How I treat Philadelphia chromosome–positive acute lymphoblastic leukemia
Through the discussion of 5 illustrative cases, Ravandi describes his approach to the treatment of Philadelphia chromosome–positive acute lymphoblastic leukemia in the era of availability of a broad range of tyrosine kinase inhibitors.

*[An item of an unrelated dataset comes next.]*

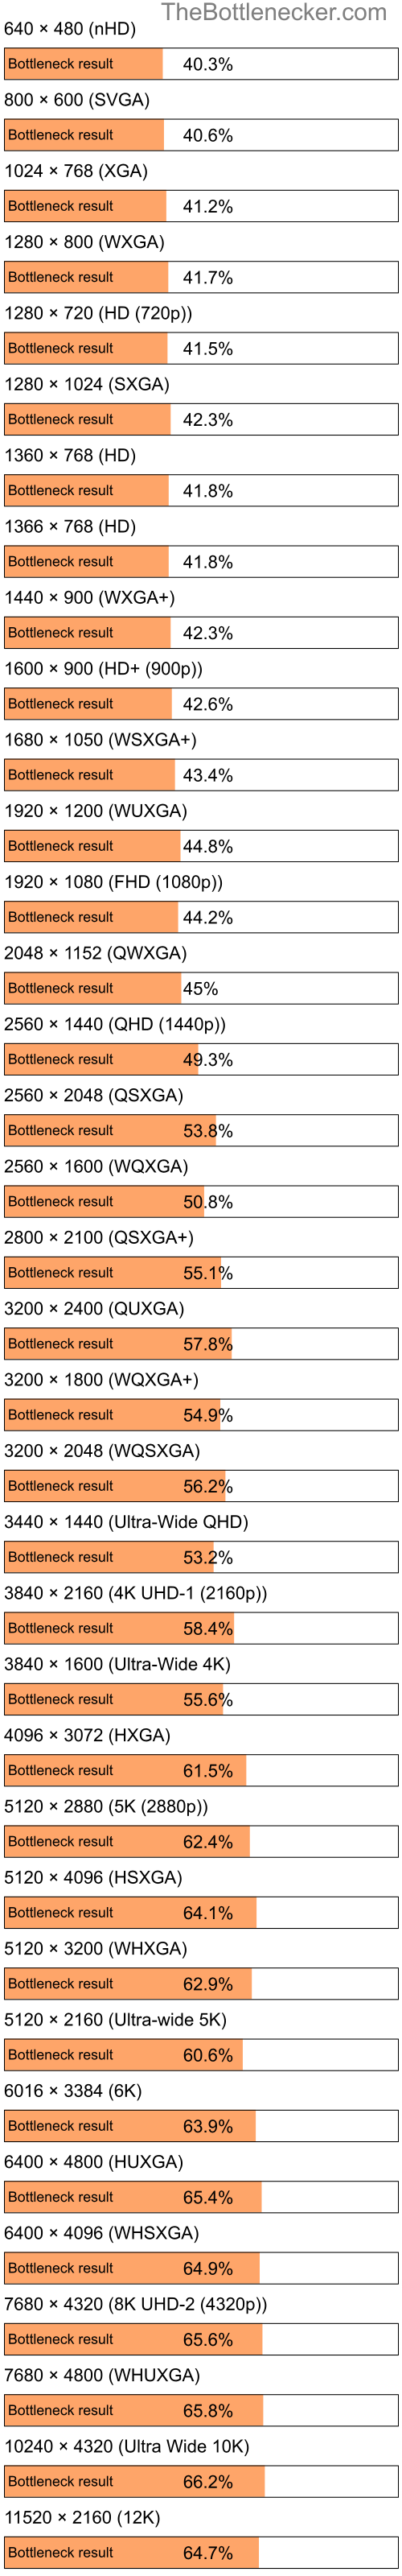 Bottleneck results by resolution for AMD Ryzen Threadripper PRO 7995WX and NVIDIA GeForce GTX 1060 in General Tasks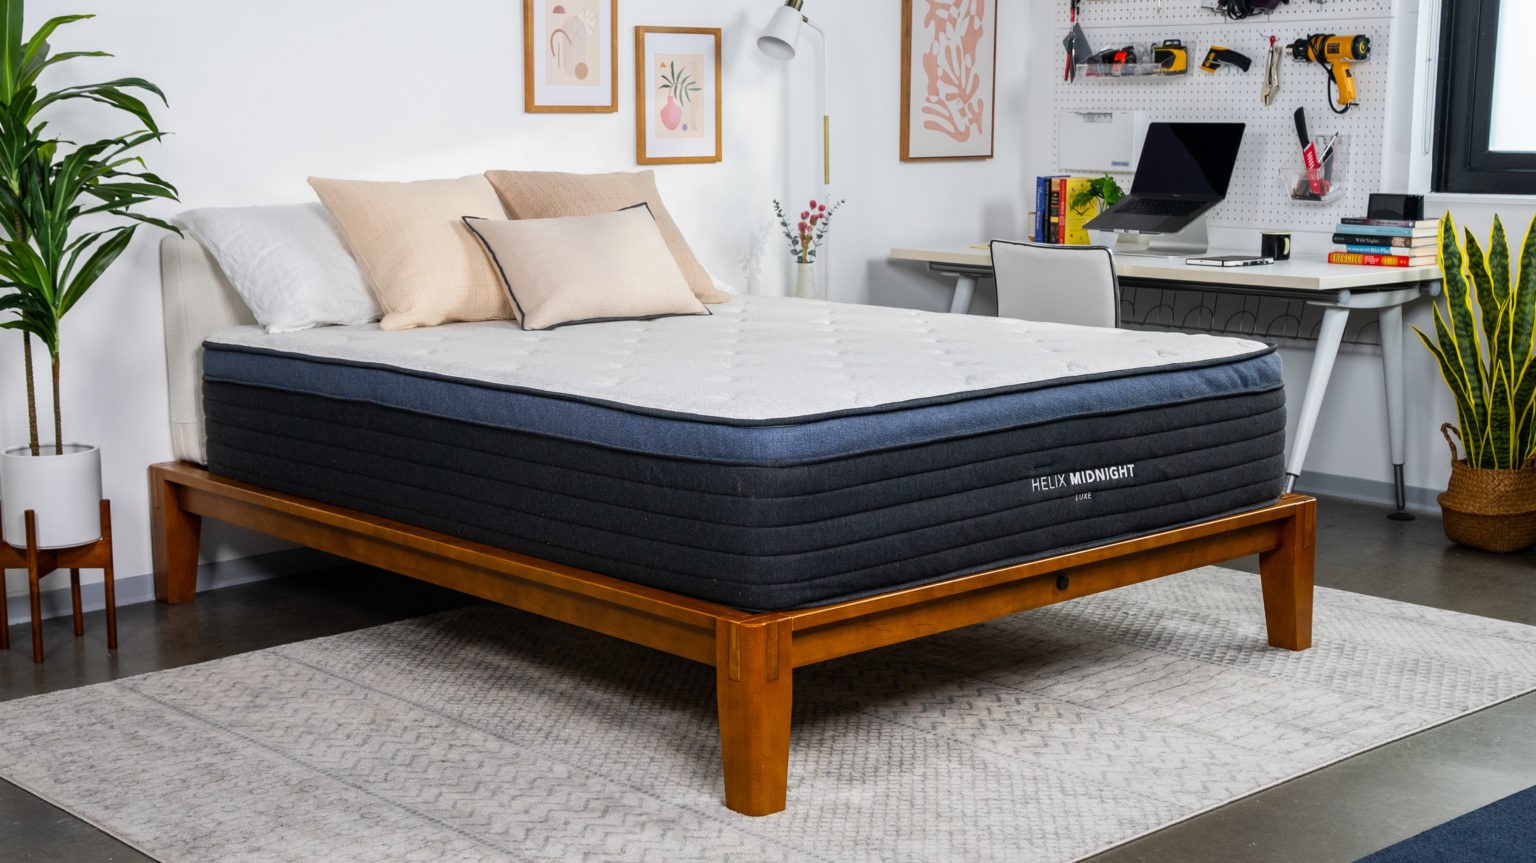 A comprehensive guide to all types of mattresses

IDH2 inhibition enhances proteasome inhibitor responsiveness in hematological malignancies
Despite the established efficacy of proteasome inhibitors (PIs) in multiple myeloma and mantle cell lymphoma, acquired dose resistance and dose-limiting toxicity impair their long-term efficacy. Bergaggio and colleagues demonstrate that IDH2 inhibition sensitizes cells to PIs, offering the possibility of extended efficacy through combining IDH2 inhibitors with lower doses of PIs.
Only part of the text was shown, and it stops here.